What you have to do: Reproduce the full listing without a single change.

Start of Exercise inputs

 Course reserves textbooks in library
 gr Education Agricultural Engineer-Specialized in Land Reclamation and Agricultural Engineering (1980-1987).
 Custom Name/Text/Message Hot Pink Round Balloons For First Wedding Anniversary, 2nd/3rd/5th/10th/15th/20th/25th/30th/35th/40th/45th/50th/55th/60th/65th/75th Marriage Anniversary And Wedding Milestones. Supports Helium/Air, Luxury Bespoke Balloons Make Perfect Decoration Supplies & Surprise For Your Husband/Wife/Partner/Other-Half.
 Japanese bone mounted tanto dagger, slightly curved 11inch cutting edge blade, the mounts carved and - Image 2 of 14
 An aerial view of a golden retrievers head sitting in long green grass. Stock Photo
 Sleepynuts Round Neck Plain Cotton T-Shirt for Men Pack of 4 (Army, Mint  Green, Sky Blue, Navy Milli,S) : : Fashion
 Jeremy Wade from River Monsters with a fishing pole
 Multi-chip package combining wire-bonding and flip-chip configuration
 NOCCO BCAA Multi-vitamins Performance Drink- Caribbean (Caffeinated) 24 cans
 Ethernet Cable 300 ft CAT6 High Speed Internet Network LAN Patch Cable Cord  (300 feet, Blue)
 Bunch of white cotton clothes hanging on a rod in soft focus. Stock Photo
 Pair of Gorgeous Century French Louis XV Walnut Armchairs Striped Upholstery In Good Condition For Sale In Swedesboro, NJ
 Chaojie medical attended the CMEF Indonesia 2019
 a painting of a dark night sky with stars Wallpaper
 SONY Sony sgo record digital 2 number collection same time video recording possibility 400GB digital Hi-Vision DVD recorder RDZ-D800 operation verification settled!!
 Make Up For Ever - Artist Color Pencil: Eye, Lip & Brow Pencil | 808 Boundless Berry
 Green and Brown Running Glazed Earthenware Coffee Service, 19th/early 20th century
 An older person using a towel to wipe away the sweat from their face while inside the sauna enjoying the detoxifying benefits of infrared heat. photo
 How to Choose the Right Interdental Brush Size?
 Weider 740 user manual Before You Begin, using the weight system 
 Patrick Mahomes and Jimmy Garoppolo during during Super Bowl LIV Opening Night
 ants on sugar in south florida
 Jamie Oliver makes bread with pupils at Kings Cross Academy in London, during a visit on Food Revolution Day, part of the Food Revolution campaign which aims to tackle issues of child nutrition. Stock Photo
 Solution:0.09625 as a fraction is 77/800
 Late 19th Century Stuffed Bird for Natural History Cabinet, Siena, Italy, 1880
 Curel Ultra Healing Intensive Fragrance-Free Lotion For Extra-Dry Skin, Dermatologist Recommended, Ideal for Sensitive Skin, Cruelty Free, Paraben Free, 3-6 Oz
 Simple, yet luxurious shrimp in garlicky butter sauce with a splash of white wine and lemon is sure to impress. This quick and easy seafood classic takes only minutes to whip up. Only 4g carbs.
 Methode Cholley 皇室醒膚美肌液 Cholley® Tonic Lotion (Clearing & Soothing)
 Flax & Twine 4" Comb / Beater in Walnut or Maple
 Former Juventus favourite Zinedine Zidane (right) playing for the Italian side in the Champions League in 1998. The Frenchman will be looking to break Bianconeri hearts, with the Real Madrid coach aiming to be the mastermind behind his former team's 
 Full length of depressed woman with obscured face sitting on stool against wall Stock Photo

End of Exercise inputs

Task result:
 Course reserves textbooks in library
 gr Education Agricultural Engineer-Specialized in Land Reclamation and Agricultural Engineering (1980-1987).
 Custom Name/Text/Message Hot Pink Round Balloons For First Wedding Anniversary, 2nd/3rd/5th/10th/15th/20th/25th/30th/35th/40th/45th/50th/55th/60th/65th/75th Marriage Anniversary And Wedding Milestones. Supports Helium/Air, Luxury Bespoke Balloons Make Perfect Decoration Supplies & Surprise For Your Husband/Wife/Partner/Other-Half.
 Japanese bone mounted tanto dagger, slightly curved 11inch cutting edge blade, the mounts carved and - Image 2 of 14
 An aerial view of a golden retrievers head sitting in long green grass. Stock Photo
 Sleepynuts Round Neck Plain Cotton T-Shirt for Men Pack of 4 (Army, Mint  Green, Sky Blue, Navy Milli,S) : : Fashion
 Jeremy Wade from River Monsters with a fishing pole
 Multi-chip package combining wire-bonding and flip-chip configuration
 NOCCO BCAA Multi-vitamins Performance Drink- Caribbean (Caffeinated) 24 cans
 Ethernet Cable 300 ft CAT6 High Speed Internet Network LAN Patch Cable Cord  (300 feet, Blue)
 Bunch of white cotton clothes hanging on a rod in soft focus. Stock Photo
 Pair of Gorgeous Century French Louis XV Walnut Armchairs Striped Upholstery In Good Condition For Sale In Swedesboro, NJ
 Chaojie medical attended the CMEF Indonesia 2019
 a painting of a dark night sky with stars Wallpaper
 SONY Sony sgo record digital 2 number collection same time video recording possibility 400GB digital Hi-Vision DVD recorder RDZ-D800 operation verification settled!!
 Make Up For Ever - Artist Color Pencil: Eye, Lip & Brow Pencil | 808 Boundless Berry
 Green and Brown Running Glazed Earthenware Coffee Service, 19th/early 20th century
 An older person using a towel to wipe away the sweat from their face while inside the sauna enjoying the detoxifying benefits of infrared heat. photo
 How to Choose the Right Interdental Brush Size?
 Weider 740 user manual Before You Begin, using the weight system 
 Patrick Mahomes and Jimmy Garoppolo during during Super Bowl LIV Opening Night
 ants on sugar in south florida
 Jamie Oliver makes bread with pupils at Kings Cross Academy in London, during a visit on Food Revolution Day, part of the Food Revolution campaign which aims to tackle issues of child nutrition. Stock Photo
 Solution:0.09625 as a fraction is 77/800
 Late 19th Century Stuffed Bird for Natural History Cabinet, Siena, Italy, 1880
 Curel Ultra Healing Intensive Fragrance-Free Lotion For Extra-Dry Skin, Dermatologist Recommended, Ideal for Sensitive Skin, Cruelty Free, Paraben Free, 3-6 Oz
 Simple, yet luxurious shrimp in garlicky butter sauce with a splash of white wine and lemon is sure to impress. This quick and easy seafood classic takes only minutes to whip up. Only 4g carbs.
 Methode Cholley 皇室醒膚美肌液 Cholley® Tonic Lotion (Clearing & Soothing)
 Flax & Twine 4" Comb / Beater in Walnut or Maple
 Former Juventus favourite Zinedine Zidane (right) playing for the Italian side in the Champions League in 1998. The Frenchman will be looking to break Bianconeri hearts, with the Real Madrid coach aiming to be the mastermind behind his former team's 
 Full length of depressed woman with obscured face sitting on stool against wall Stock Photo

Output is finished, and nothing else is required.